The record isn’t necessarily about beating Merckx, or trying to be a better rider than the legendary Belgian - it’s like “comparing pineapples and bananas”, Aldag said - but putting a final cherry on the top of his career. And if he doesn’t do it? His astounding win record still stands, and he will still retire as one of the best. That perhaps takes some pressure off, but the carrot of the record is still there.

“I don’t think it’s going to be extra pressure, but I would be surprised if it’s really nowhere in his head,” Aldag said. “I do think he wants it. I do think he realises it’s the last Tour de France for him. Therefore we should also not underestimate him.”

GCN’s expert view

Despite the rocky start to his year, as we head towards the Grand Depart, the growing consensus seems to be that Mark Cavendish’s chances of taking a fairytale win at this Tour are becoming more of a reality. For GCN’s The Breakaway anchor Orla Chennaoui, it’s not just a possibility, but a certainty.
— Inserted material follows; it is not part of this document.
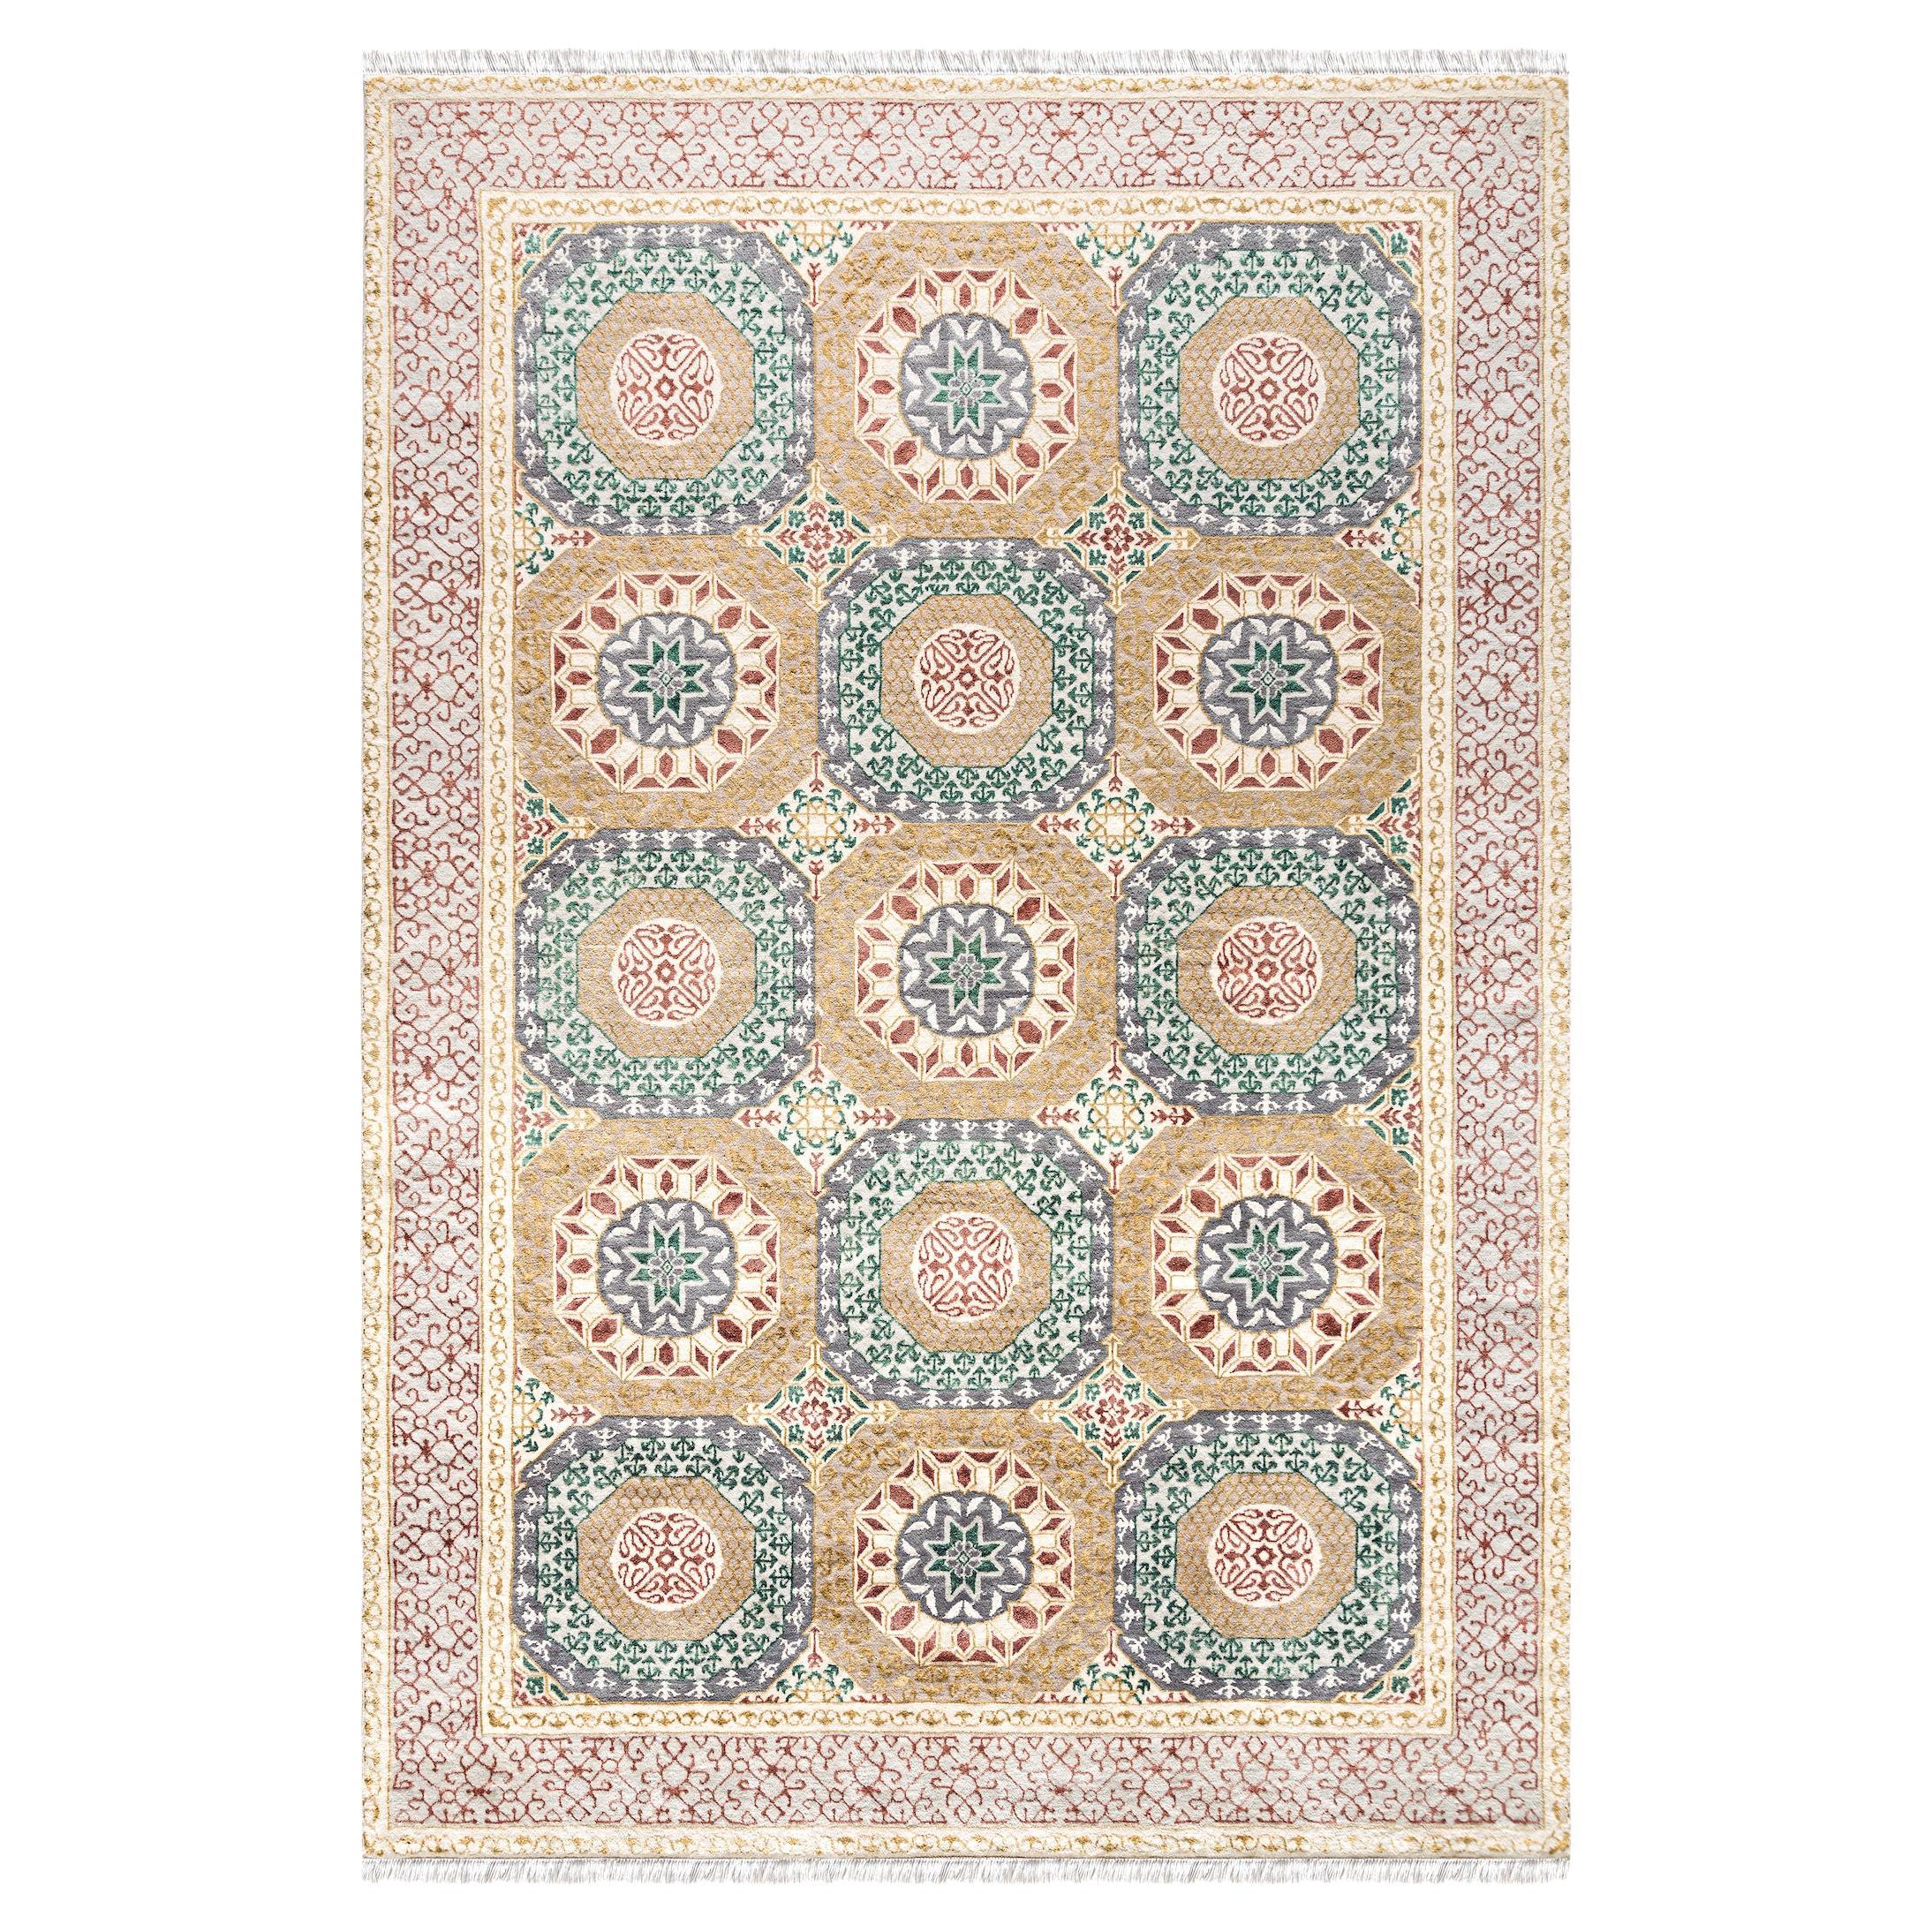 Kahhal Looms Mamluk Constellation Hand-Knotted 300x200cm Rug

“I have zero doubt that Mark Cavendish can win a stage of his final Tour de France. Zero doubt,” Orla said. “I’ve been having this debate since the beginning of the season and even then, when most were rubbishing my conviction, I fully believed it. Why? Because I’ve never known an athlete like him. I’ve never seen someone who has such an understanding of and belief in his own ability, and who’s maintained that over such an incredible and tumultuous period of time. Simply put, he’s a winner, and if he didn’t believe he could win, he wouldn’t be there.

“I went to see Mark on the Isle of Man a few weeks ago to film a Discovery documentary and I don’t believe I’ve ever seen him so relaxed, so at peace. He fully believes in his ability to deliver but knows better than anyone, that form and winning experience guarantees nothing at the Tour. Being able to win is not the same as a sprint panning out in a way that allows you to deliver on it. He has the first half of the equation. The race will determine the rest.”

When are his chances?

Despite the brutally hard first week, there are a number of good chances for the sprinters at this year’s Tour. The fastmen can wave goodbye to the yellow jersey or a win on the opening weekend in Spain, but as the race heads to France, there will be seven or eight chances for the sprinters to go head to head. At the Giro, the Manxman missed out on every sprint opportunity until the very final day, so it’s not all bad news if he gets off to a slow start.

Having several opportunities should play into Cavendish’s hands, according to Rolf Aldag. “What is interesting is that there are plenty of sprints, so you don’t have to use every opportunity,” he said. “It’s probably one out of seven, and winning one out of seven is doable. Especially because most sprinters don’t get it consistently right.”

The first chance for Cavendish to break the record will come on stage 3 to Bayonne, and again the next day on the road to Nogaro. Stages 7, 11, 18, 19 and of course the final gallop on the Champs-Élysées should all be sprint days, and so could stage 8 depending on how it plays out. If the stage record is going to be broken, it will happen on one of those stages.